Metric	What it is	Why it matters
`inter_analyst_fleiss_per_panel`	`κ_F*` computed within each declared panel	Tells you how internally coherent each panel is on its own. A primary panel with `κ_F* = 0.10` and a check panel with `κ_F* = 0.70` means the primary panel is the one to inspect for analyst-disagreement.
`cross_panel_kappa`	Cohen's `κ_C` between the two panels' per-item consensuses (default `primary` vs the first declared check panel; override with `--check`)	The construct-validity convergence check (R4 in `construct_validity.md`). A high cross-panel `κ_C` plus a high `κ_C(η, primary-consensus)` is the convergent half of a multi-trait/multi-method argument. A model that agrees with `primary` but disagrees with `check` is a warning sign that the `primary` consensus is panel-specific rather than carving-specific.

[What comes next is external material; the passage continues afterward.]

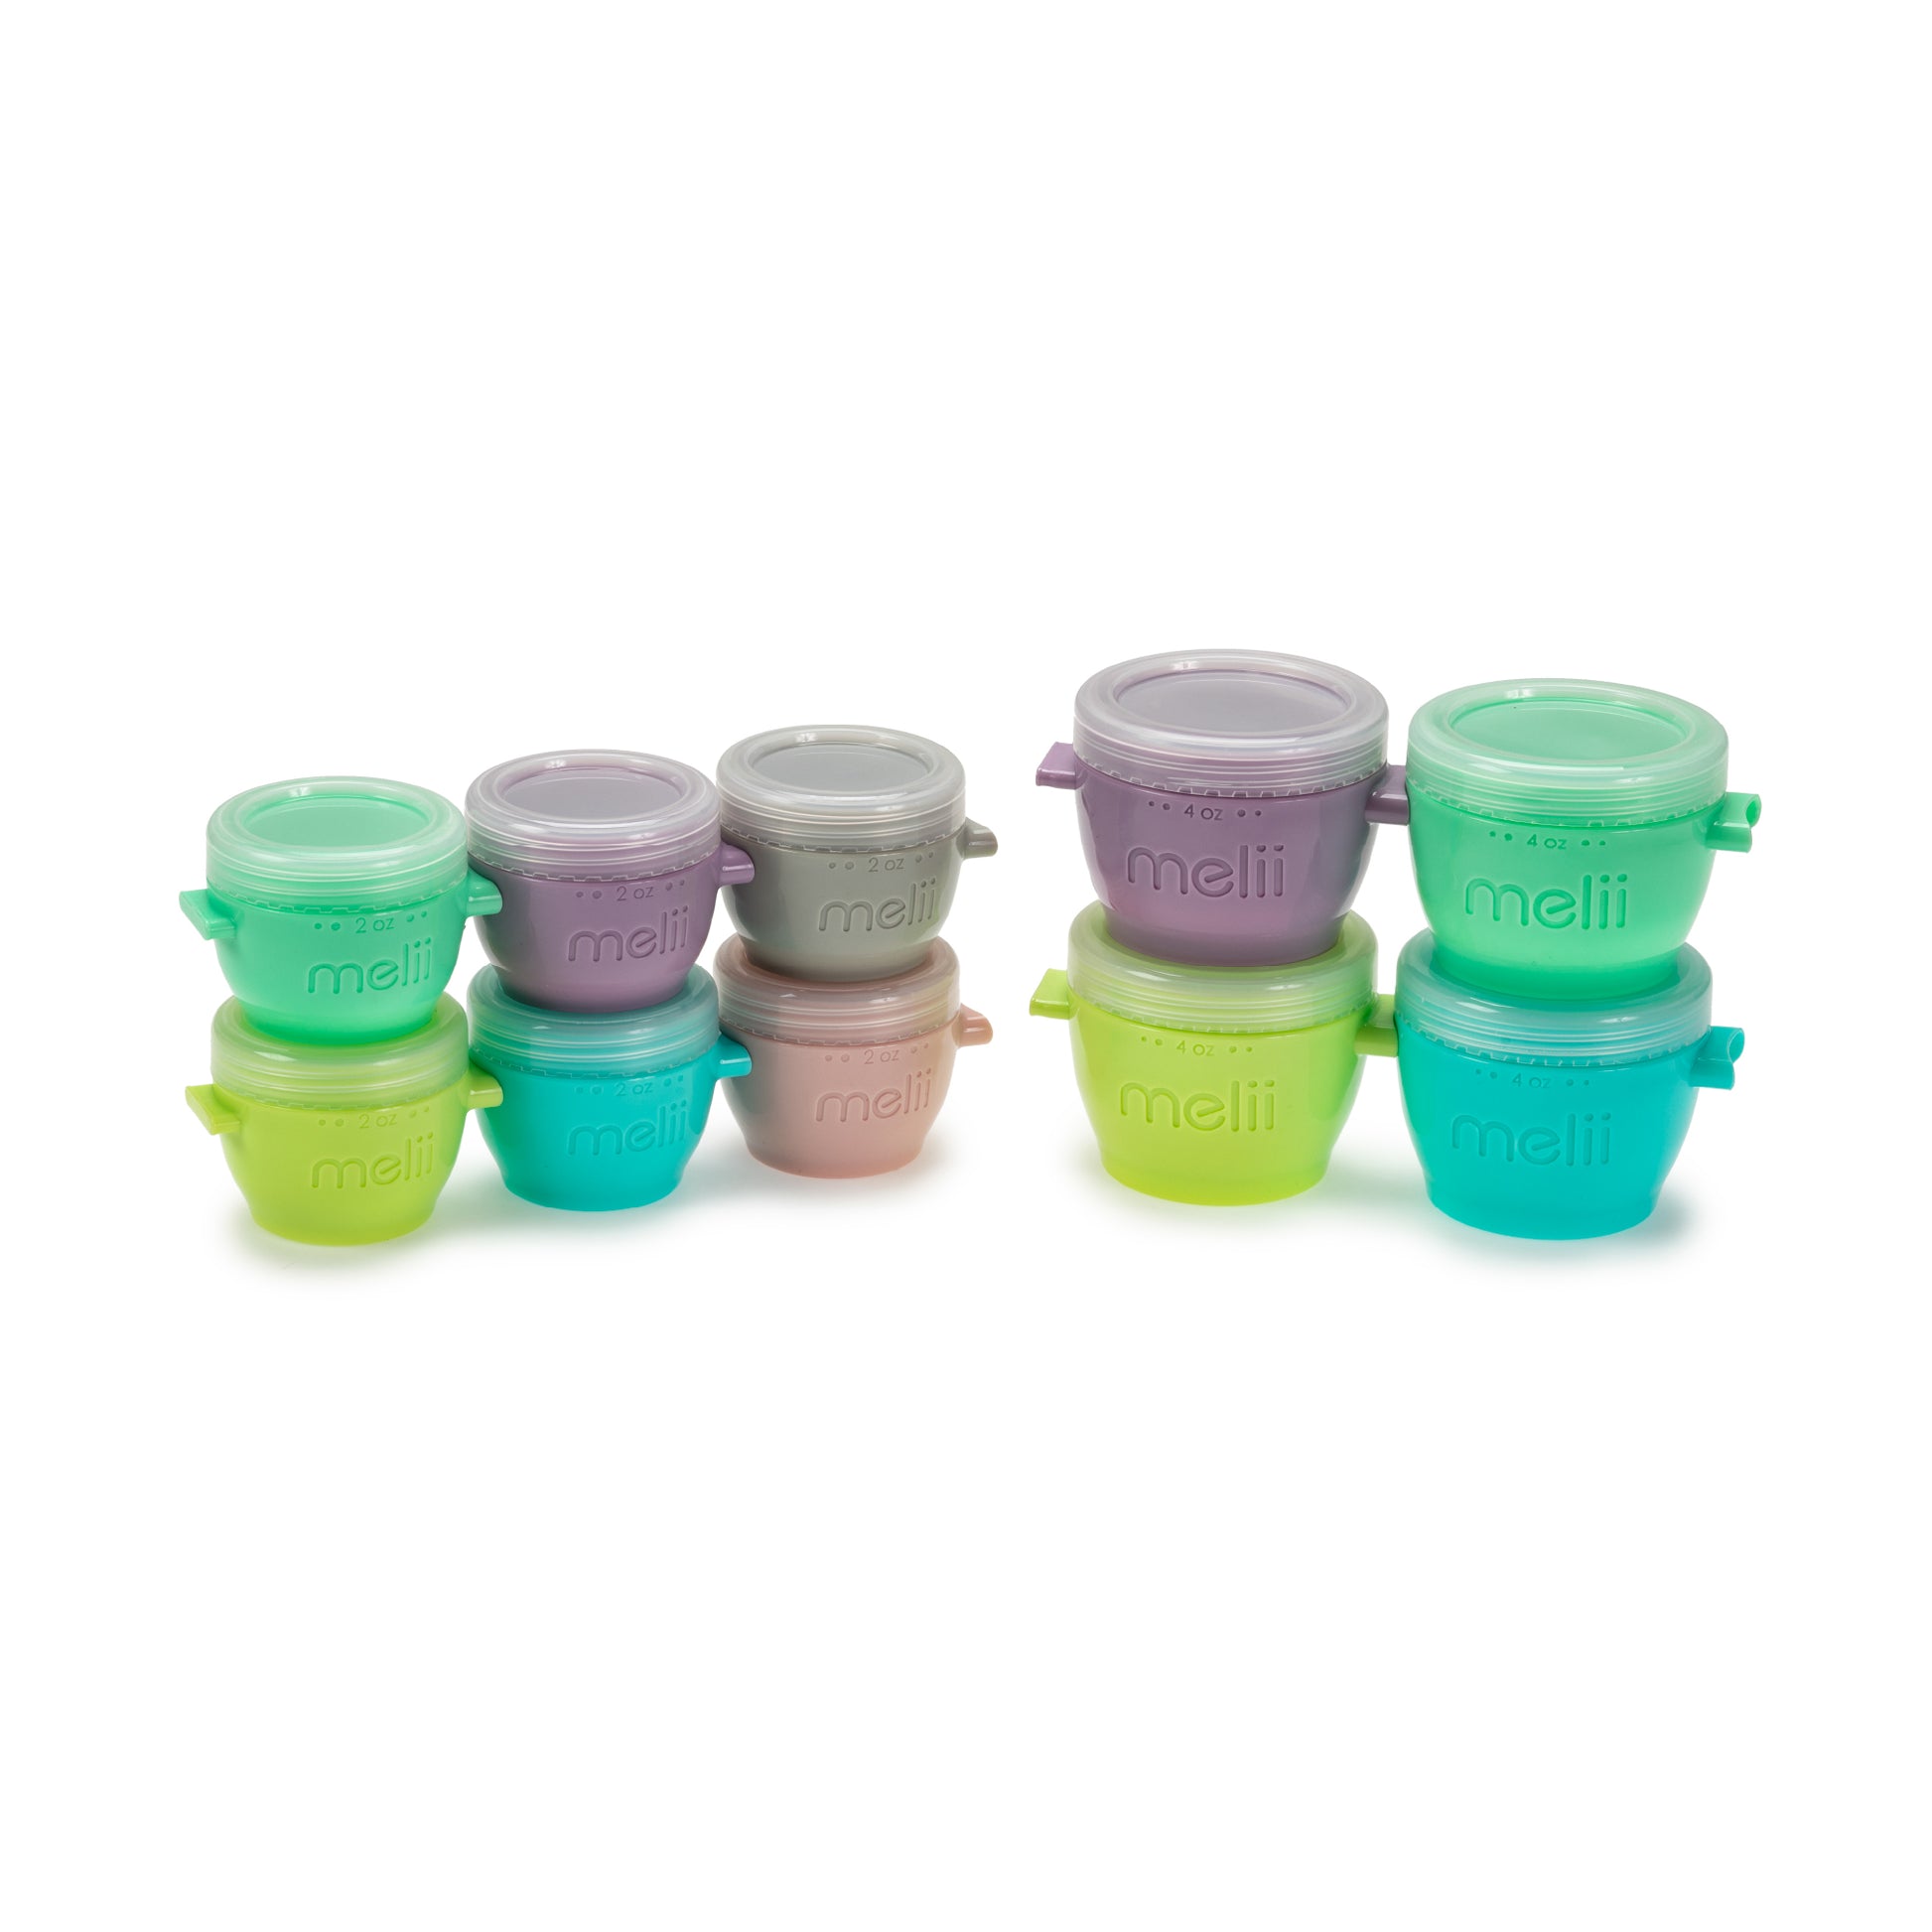 Melii Snap & Go Pods - Airtight & Leakproof Baby Food Containers - Baby Food Storage Pods for Effortless Mealtime, 2oz, set of 6 +  4oz, set of 4

The same undefined rules apply as for the corresponding base metrics (empty substantive intersection, p_e = 1, single-analyst panel).

R22 — test-retest reliability (`κ_test-retest`)¶

Test-retest reliability is the co-equal §2 reliability metric alongside agreement (κ_C, κ_F, κ_F*). The agreement metrics tell you how well one capture of M's endorsement column matches the analyst column; κ_test-retest tells you whether that capture is repeatable. A high κ_C whose underlying η you couldn't reproduce twenty minutes later is reporting a sample from an unknown distribution, not a model-level signal.

Definition. Two captures of the same evaluation under the same parameters: η_a (baseline) and η_b (retest). κ_test-retest = Cohen's κ computed over the consensus column of each capture, item-by-item. With n_samples ≥ 3 and majority-vote consensus, sample-internal noise is already smoothed out; the residual disagreement is the cross-capture noise.
Within-model analog of κ_F*(β). Just as κ_F* is the analyst-internal baseline above which M's participation is a real signal, κ_test-retest is the model-internal baseline against which a single-capture κ_C should be read. Without it you don't know whether a κ_C of +0.5 reflects the model's actual practice or one moment in a noisy stream.
Verdict thresholds. The framework labels the stability verdict (stable / moderately stable / substantively unstable / undefined) using a κ threshold and a verdict-flip-rate threshold; see infereval.retest.
Audit cap (R22 enforcement). At scope ≥ domain_D_as_sampled, if competing_explanations.test_retest_run = True but the supplied retest result is substantively unstable or has undefined κ, the construct-validity verdict caps at partially_defensible. The headline κ_C cannot be interpreted as signal under a reliability that didn't hold up. A second leg also fires at this scope: the analyst must declare an IdentityCriterion under which the across-update comparison is principled.
Multi-interval (v0.12.0+). infereval retest --auto --interval-s S1 --interval-s S2 ... captures the baseline once and N timed follow-ups, producing a MultiIntervalRetestResult whose pairs field carries N retest results, each anchored on the same baseline (cumulative-drift-since-baseline reading). The construct-validity report's worst-case rule applies: if any captured interval is substantively unstable or undefined, the audit cap fires. The methodological commitment: the mastery claim has to hold at every time scale the analyst captured, not just the back-to-back floor.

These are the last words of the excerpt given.